TASK ITEM
Please return the lines from the one with "41 Concept of" through the end of the listing below, word for word, with every picture left out.

RECORDED INFORMATION
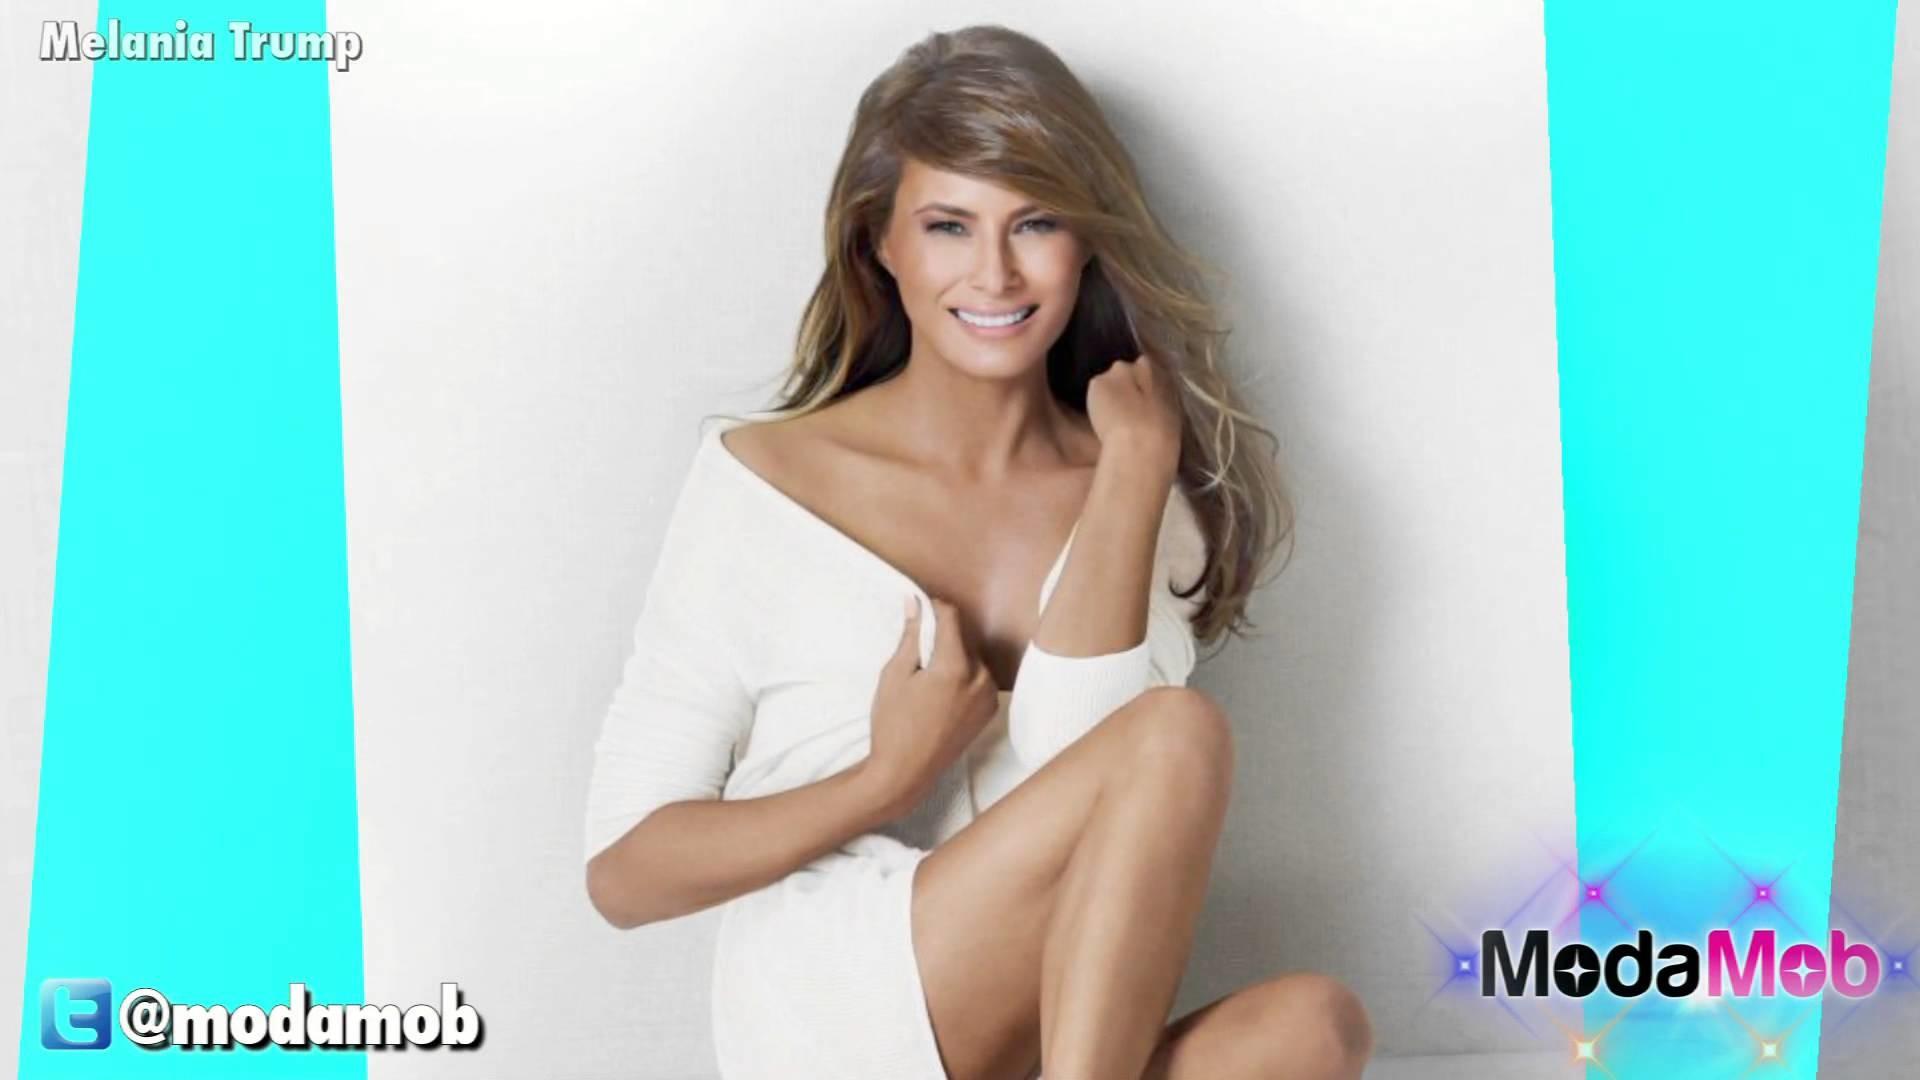 Like A Pro: Skincare Tips From Melania Trump
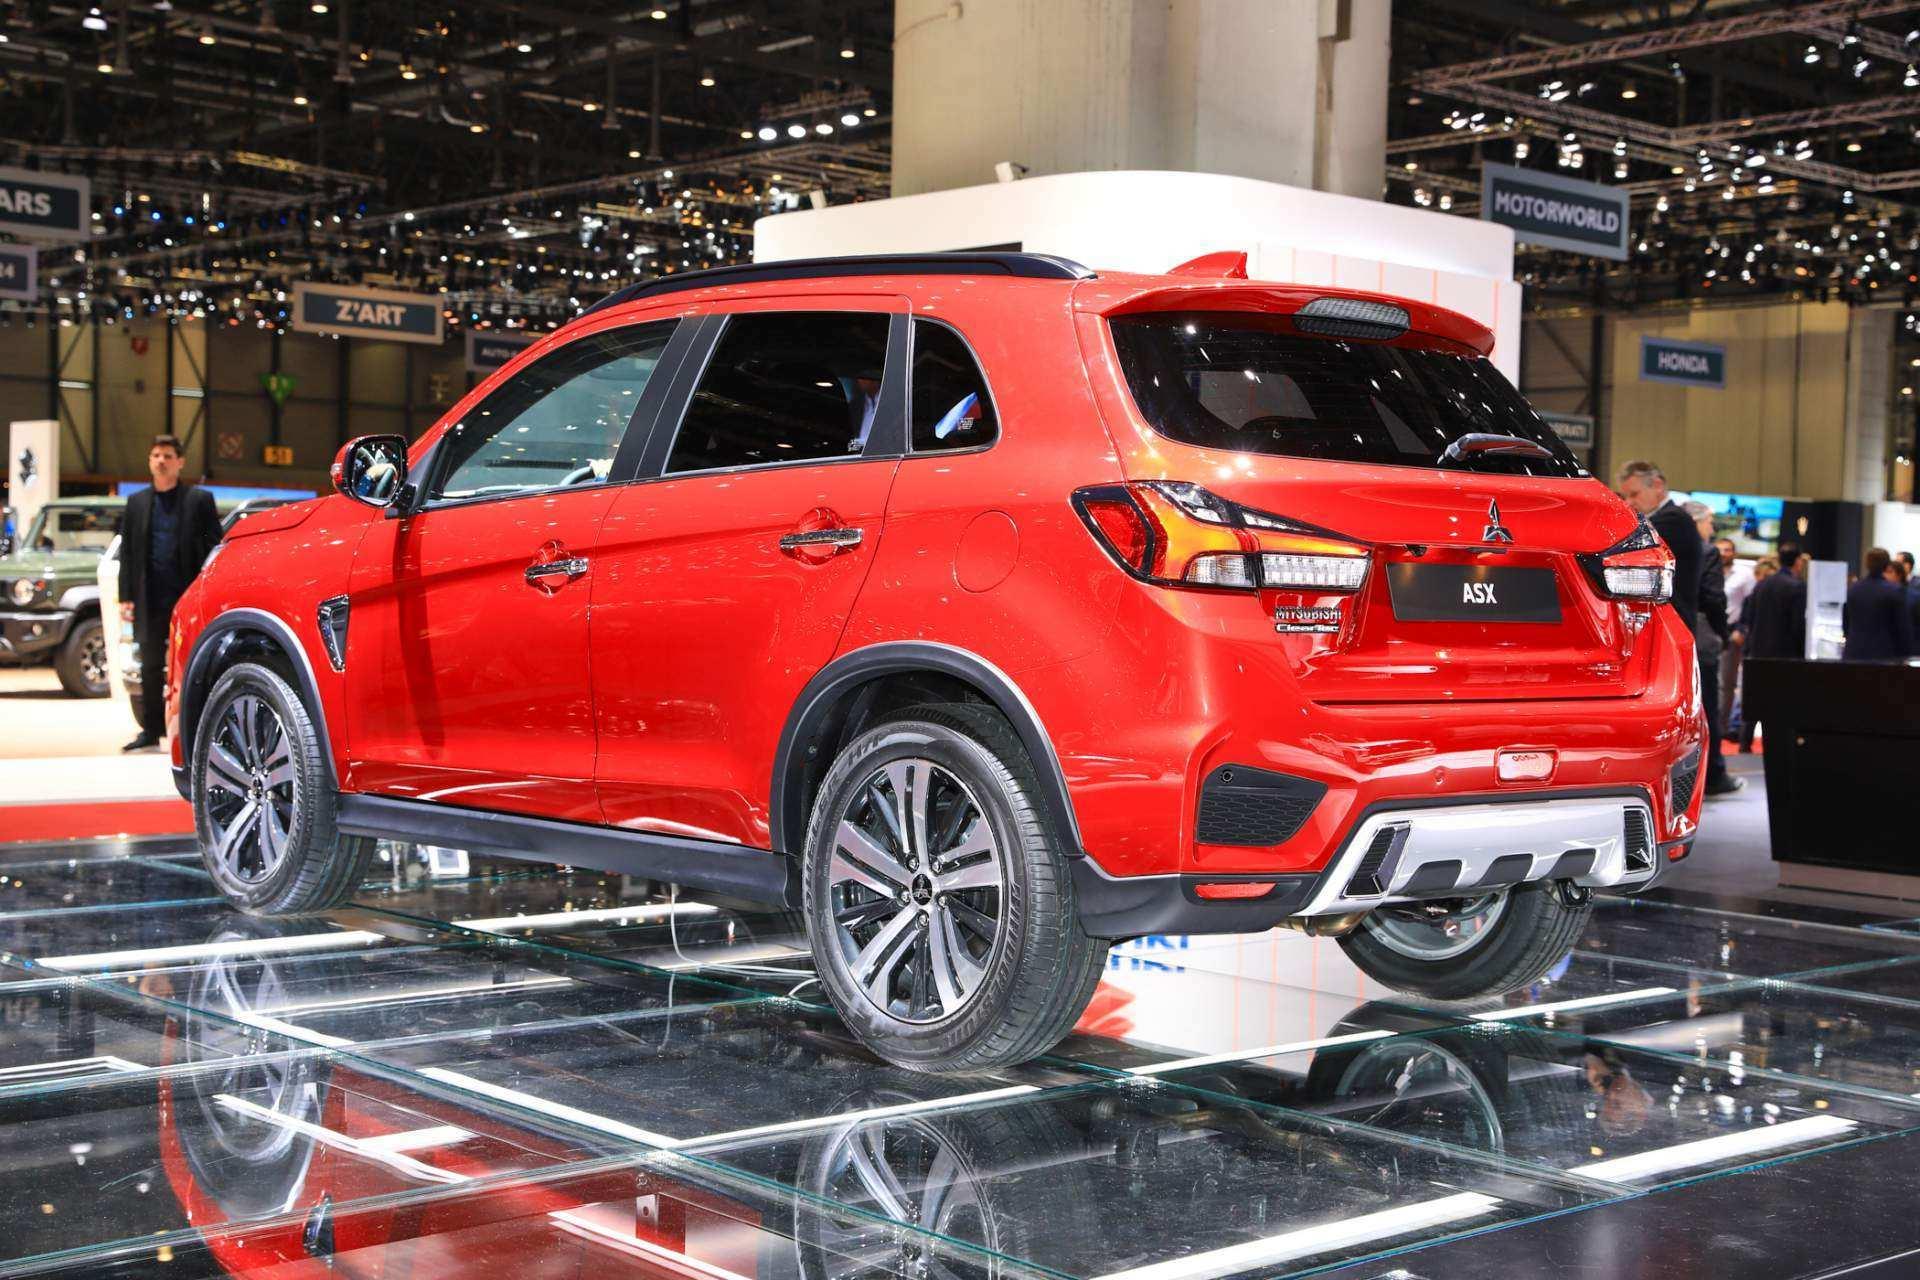 41 Concept of Mitsubishi Asx 2020 Uk Redesign for Mitsubishi Asx 2020 Uk
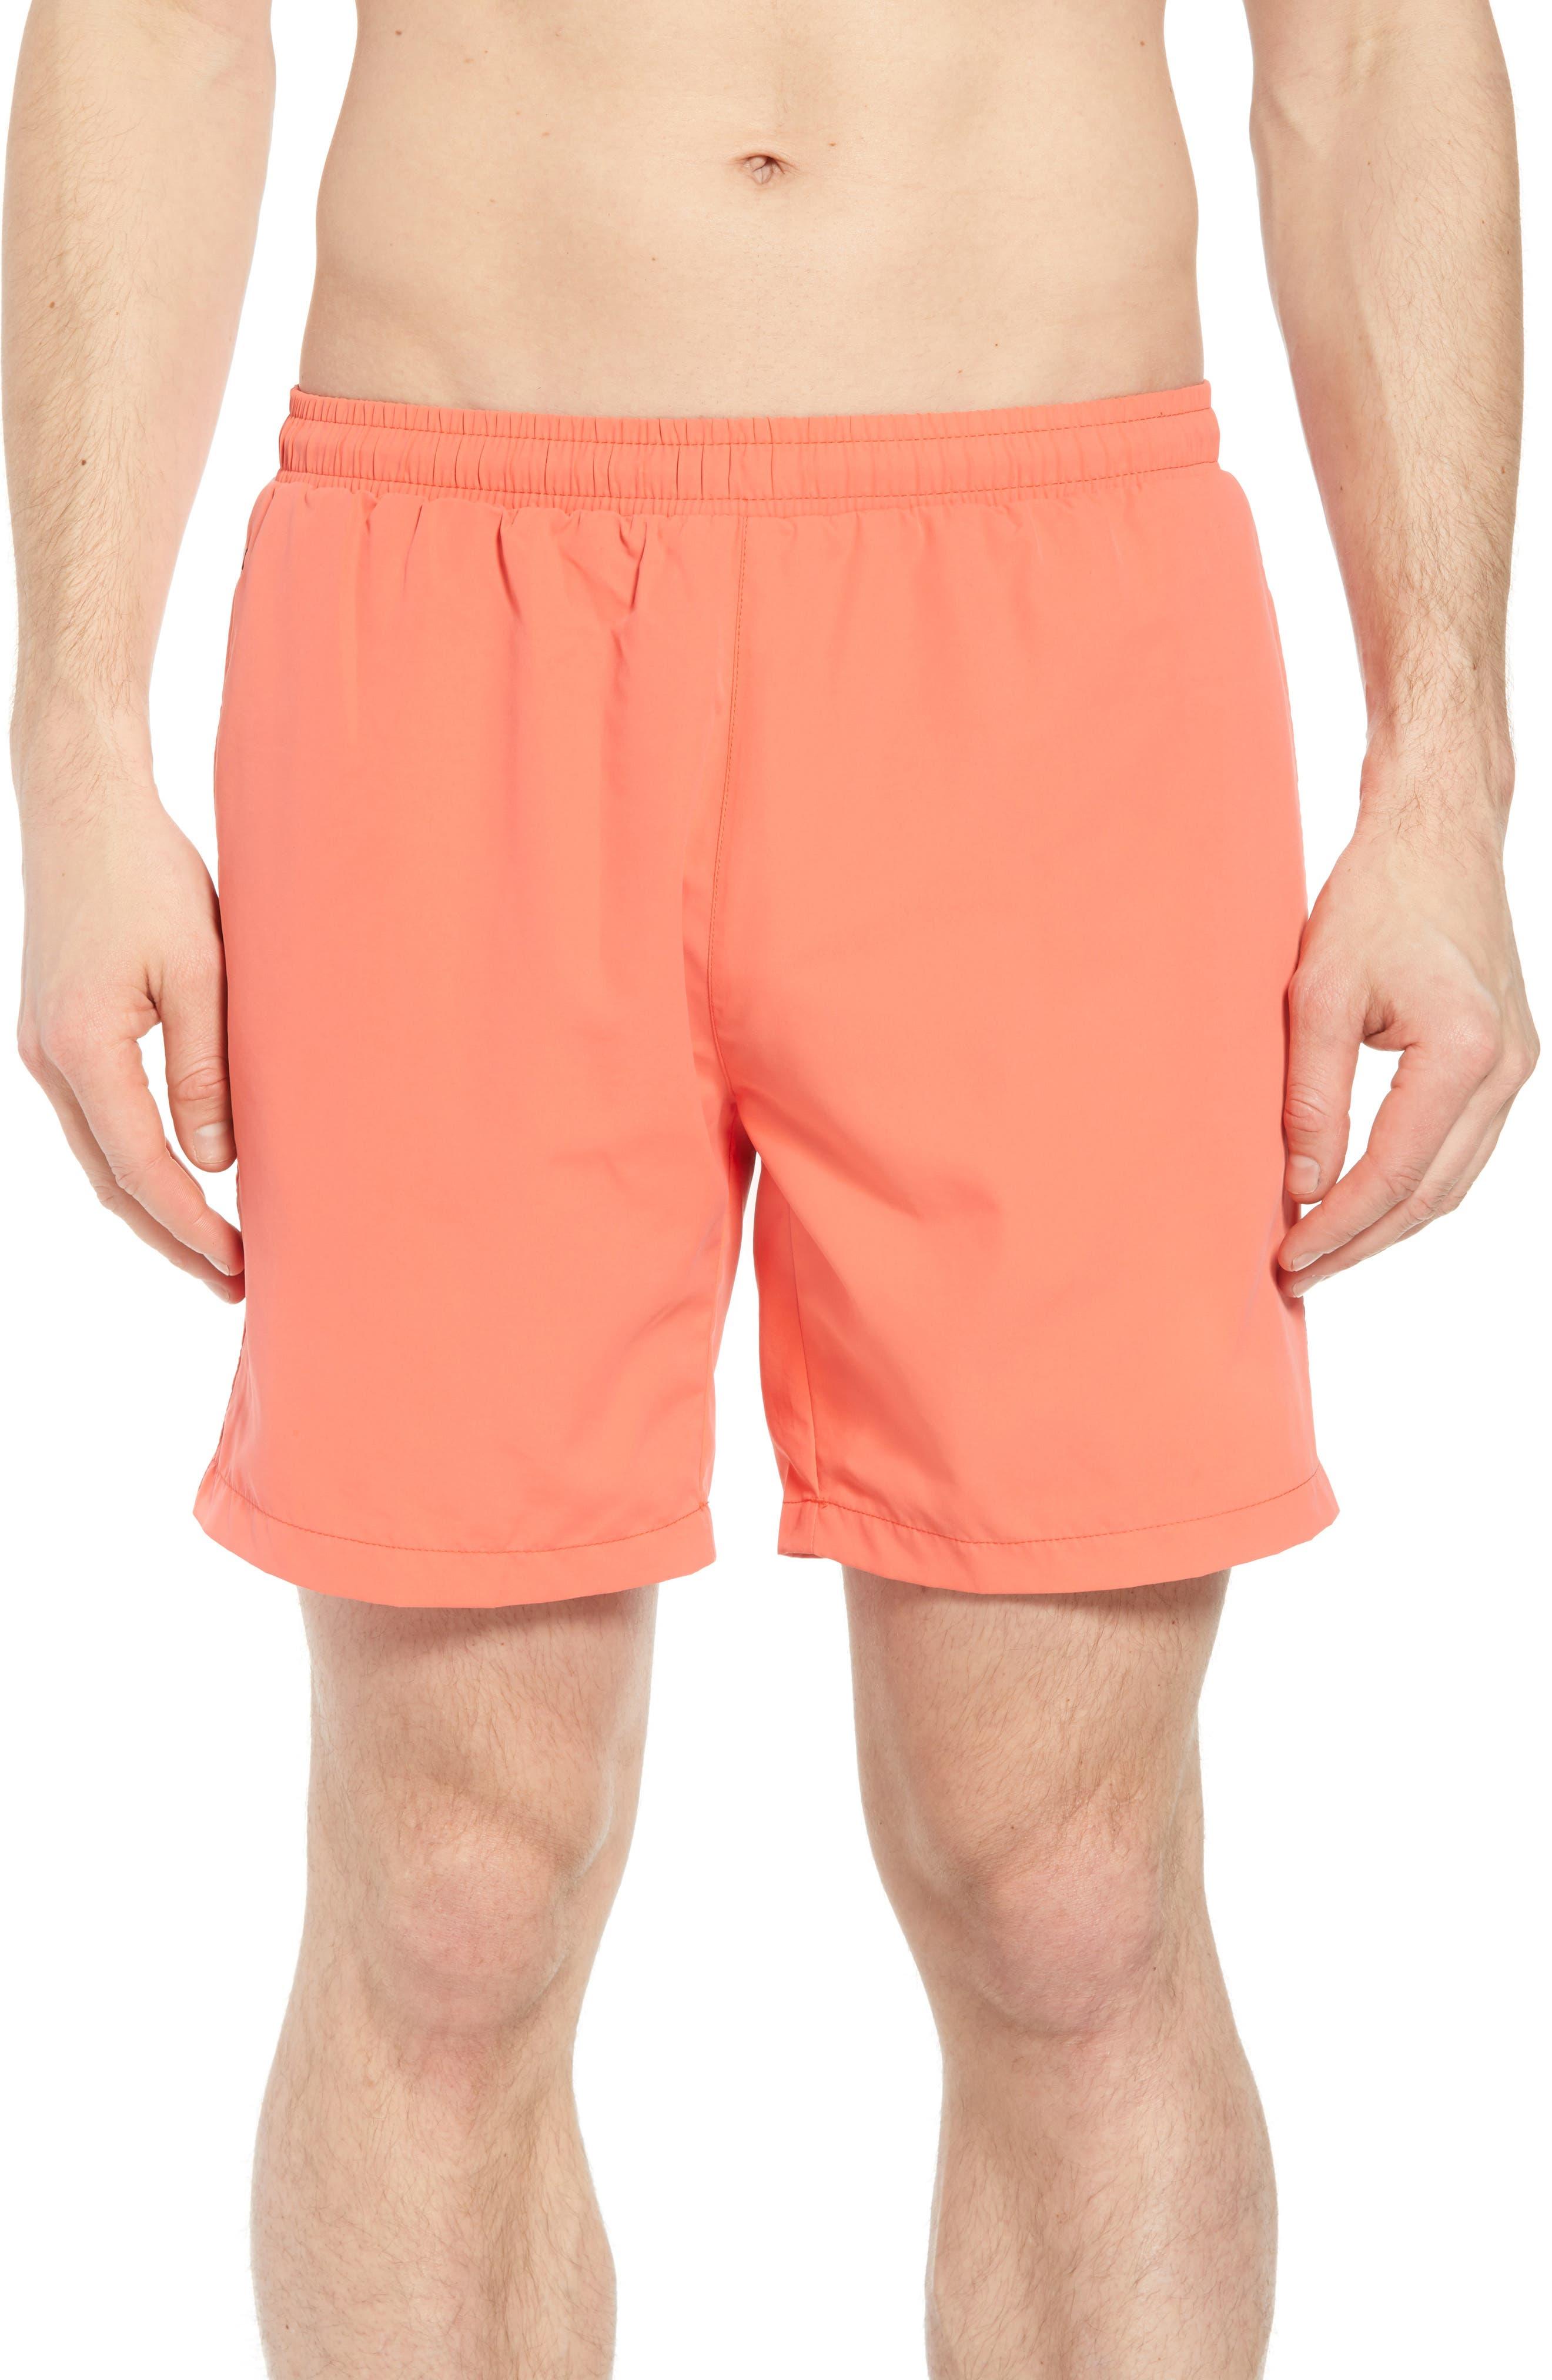 Seabream Regular Fit Stripe Swim Trunks,                         Main,                         color, Pink

SOLUTION TO THIS PROBLEM
 41 Concept of Mitsubishi Asx 2020 Uk Redesign for Mitsubishi Asx 2020 Uk
 Seabream Regular Fit Stripe Swim Trunks,                         Main,                         color, Pink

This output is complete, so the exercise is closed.